Google Cloud Networking and Load Balancing outage of November 2021
Google · Google Cloud Load Balancing
On November 16, 2021, at 09:35 PT, Google Cloud Networking experienced issues with the Google External Proxy Load Balancing (GCLB) service. This resulted in customers receiving 404 errors for HTTP/S requests served by GCLB, impacting various downstream services such as Google Cloud Run, Google App Engine, Google Cloud Functions, Apigee, and Firebase. Engineers were alerted at 09:50 PT and initiated a rollback to a known good configuration, which resolved the 404 errors by 10:08 PT.
Following the initial impact, customer-initiated configuration changes in GCLB were suspended from 10:04 PT until 11:28 PT to prevent recurrence and allow for validation of fixes. During this period, customers were unable to modify their load balancing configurations. Normal service, including the ability to push configurations, was fully restored by 11:28 PT, bringing the total duration of impact to 1 hour and 53 minutes.

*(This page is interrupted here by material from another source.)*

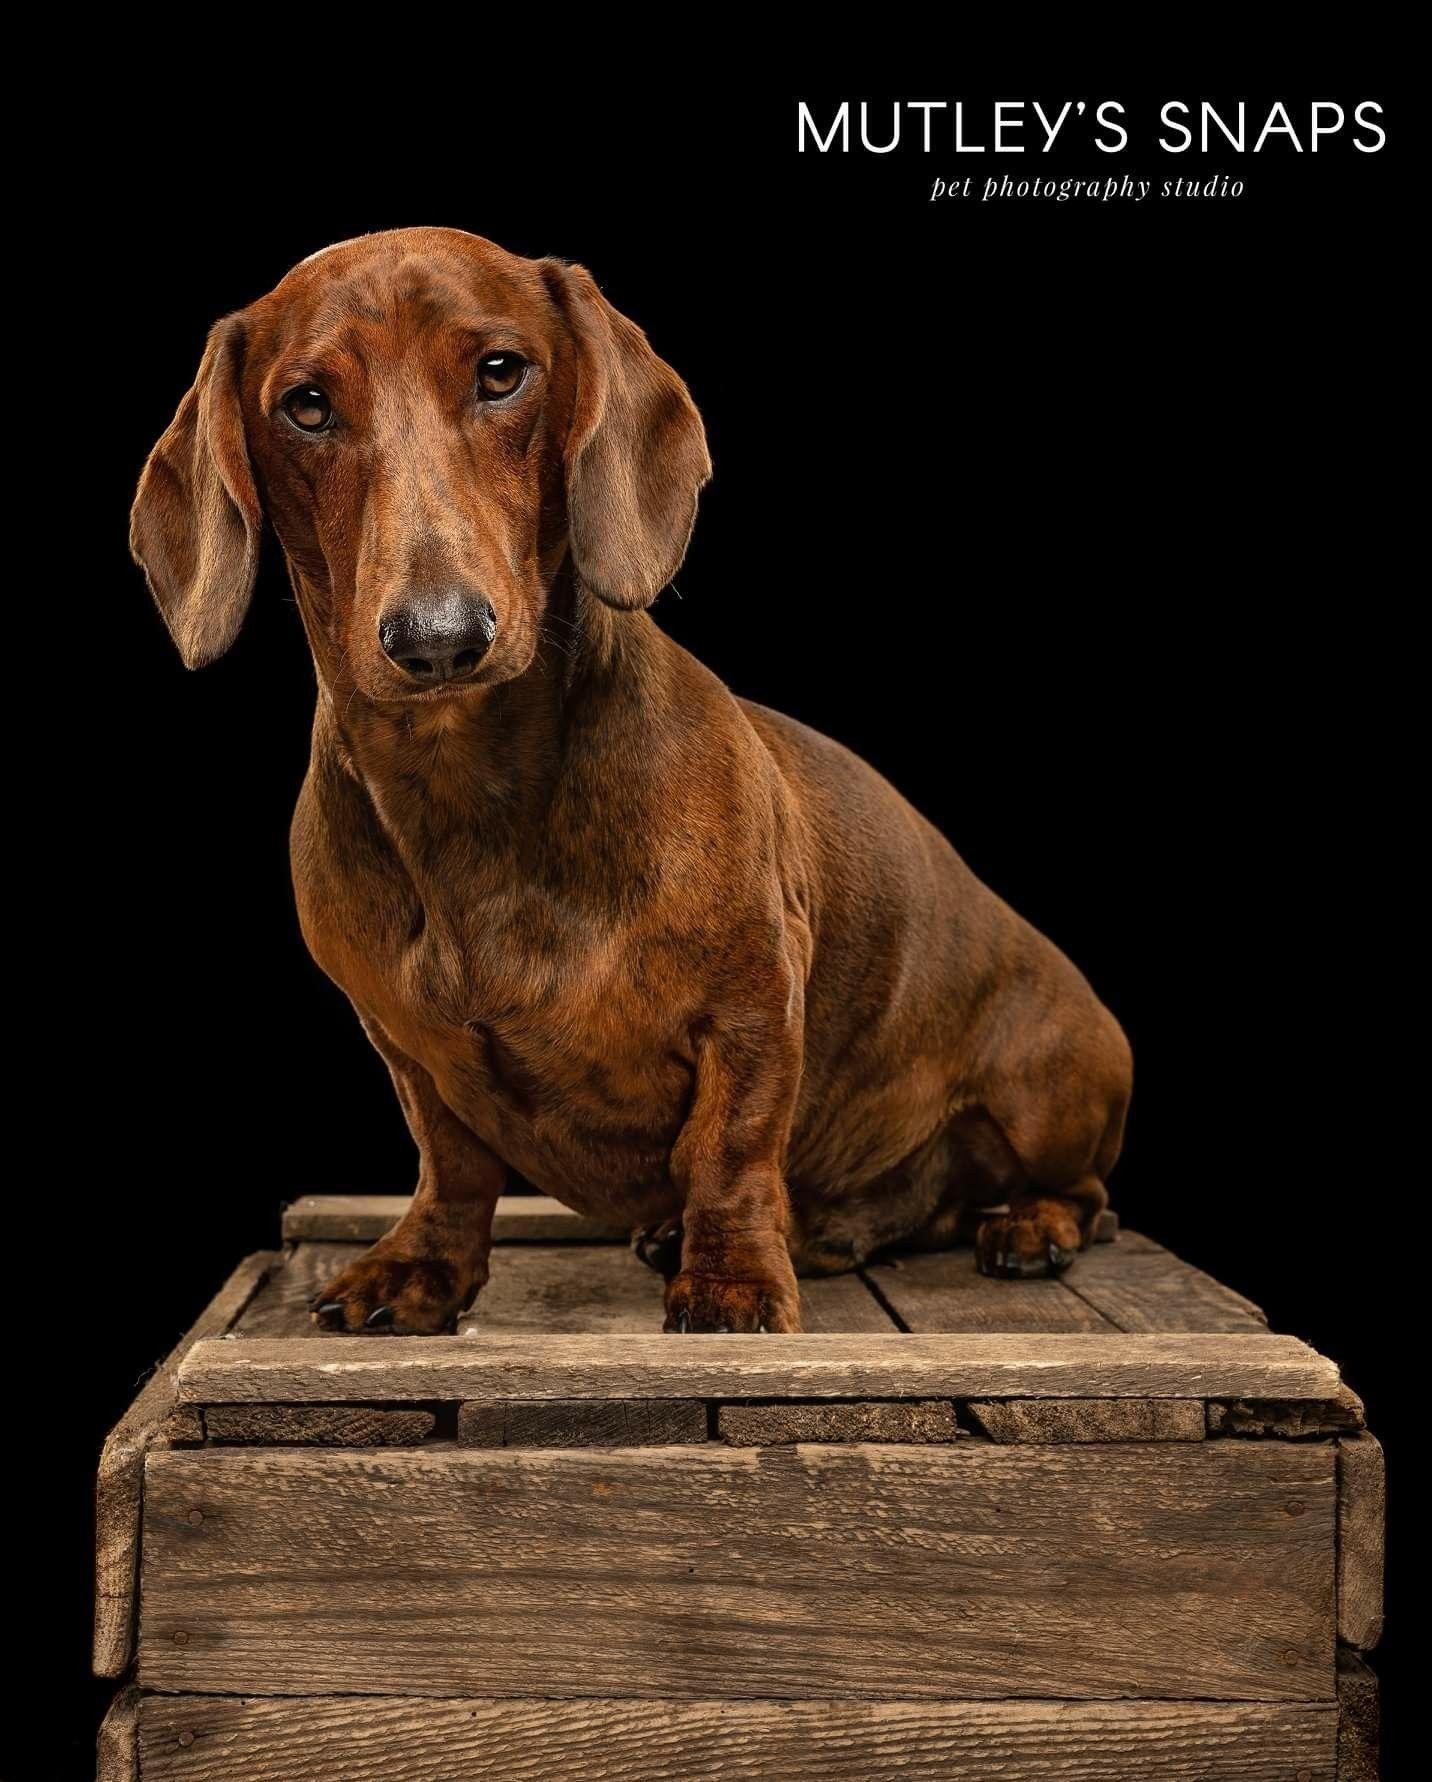 Dachshund Dachshund Dog Cat Pet Photography Studio

The incident was caused by a latent bug in the configuration pipeline responsible for propagating customer rules to GCLB. This bug, introduced six months prior, created a race condition that could, in rare instances, push a corrupted configuration file to GCLB. Although the pipeline had extensive validation checks, this specific race condition corrupted the file late in the process. An attempted fix was in progress, but the race condition manifested in an unpatched cluster before the full rollout of the primary patch, and a secondary patch did not prevent the specific error form produced.
Google engineers mitigated the issue by restoring a known-good configuration and subsequently deployed fixes to eliminate the risk of recurrence. Remediation efforts include adding additional alerting for faster detection, implementing strengthened automated correctness-checking for configurations, and accelerating planned architectural changes to improve isolation and resolution of similar issues in the future.